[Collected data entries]

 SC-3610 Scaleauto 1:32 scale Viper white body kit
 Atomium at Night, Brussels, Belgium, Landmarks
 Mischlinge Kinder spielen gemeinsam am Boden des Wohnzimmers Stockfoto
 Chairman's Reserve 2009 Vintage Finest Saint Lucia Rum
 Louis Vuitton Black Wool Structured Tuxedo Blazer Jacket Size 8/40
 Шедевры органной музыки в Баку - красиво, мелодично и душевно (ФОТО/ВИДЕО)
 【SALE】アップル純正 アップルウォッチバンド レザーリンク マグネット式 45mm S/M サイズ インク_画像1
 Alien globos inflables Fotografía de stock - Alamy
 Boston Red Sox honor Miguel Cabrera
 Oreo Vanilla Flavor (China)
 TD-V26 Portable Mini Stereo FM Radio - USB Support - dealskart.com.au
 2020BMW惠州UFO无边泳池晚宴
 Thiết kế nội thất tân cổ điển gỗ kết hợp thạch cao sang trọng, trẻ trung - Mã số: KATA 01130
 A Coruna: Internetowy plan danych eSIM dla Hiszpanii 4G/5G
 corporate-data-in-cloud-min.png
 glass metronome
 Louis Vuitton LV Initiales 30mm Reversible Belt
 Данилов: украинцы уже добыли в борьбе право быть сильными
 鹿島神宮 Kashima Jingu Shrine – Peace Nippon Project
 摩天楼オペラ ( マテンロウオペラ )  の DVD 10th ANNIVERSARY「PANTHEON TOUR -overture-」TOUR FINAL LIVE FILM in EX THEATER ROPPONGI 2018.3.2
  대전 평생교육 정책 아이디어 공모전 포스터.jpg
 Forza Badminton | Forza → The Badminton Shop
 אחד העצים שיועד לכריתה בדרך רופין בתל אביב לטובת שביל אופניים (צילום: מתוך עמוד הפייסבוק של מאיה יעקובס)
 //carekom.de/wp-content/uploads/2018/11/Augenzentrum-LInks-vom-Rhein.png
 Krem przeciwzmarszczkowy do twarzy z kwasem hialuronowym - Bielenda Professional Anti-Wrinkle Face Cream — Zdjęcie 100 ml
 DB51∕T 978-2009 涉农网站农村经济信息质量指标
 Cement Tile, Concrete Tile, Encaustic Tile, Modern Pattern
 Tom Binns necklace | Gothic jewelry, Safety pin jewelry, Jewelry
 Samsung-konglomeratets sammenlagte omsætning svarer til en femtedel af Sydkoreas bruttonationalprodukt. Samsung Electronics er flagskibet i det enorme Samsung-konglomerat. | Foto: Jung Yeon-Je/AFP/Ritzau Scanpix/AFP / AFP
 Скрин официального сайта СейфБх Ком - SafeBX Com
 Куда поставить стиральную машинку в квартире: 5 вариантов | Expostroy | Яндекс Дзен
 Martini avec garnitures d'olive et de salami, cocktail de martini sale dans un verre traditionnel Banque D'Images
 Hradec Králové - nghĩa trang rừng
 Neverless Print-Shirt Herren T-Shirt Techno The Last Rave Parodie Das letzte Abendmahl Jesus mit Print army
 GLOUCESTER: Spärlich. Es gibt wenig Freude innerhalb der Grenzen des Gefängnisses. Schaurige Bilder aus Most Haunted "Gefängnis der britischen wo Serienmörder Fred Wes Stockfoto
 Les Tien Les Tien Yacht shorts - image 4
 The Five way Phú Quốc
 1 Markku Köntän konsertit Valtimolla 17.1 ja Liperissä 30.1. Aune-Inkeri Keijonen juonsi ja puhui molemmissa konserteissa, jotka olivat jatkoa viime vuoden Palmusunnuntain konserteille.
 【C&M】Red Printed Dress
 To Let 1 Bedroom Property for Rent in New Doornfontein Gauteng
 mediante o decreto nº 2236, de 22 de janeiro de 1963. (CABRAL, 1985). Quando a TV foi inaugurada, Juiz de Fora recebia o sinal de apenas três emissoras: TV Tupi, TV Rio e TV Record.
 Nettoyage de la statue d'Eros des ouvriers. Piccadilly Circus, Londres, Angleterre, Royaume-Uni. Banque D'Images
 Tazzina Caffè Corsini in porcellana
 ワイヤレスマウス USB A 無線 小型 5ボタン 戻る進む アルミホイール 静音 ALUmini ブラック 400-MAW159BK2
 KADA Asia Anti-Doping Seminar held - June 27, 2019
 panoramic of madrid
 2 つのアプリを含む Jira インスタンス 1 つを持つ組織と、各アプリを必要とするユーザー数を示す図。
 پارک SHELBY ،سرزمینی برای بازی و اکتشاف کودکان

#### [Instructions for the task]
Report how many lines in this data include the string "Banque", and nothing else.

#### [Response for this exercise]
2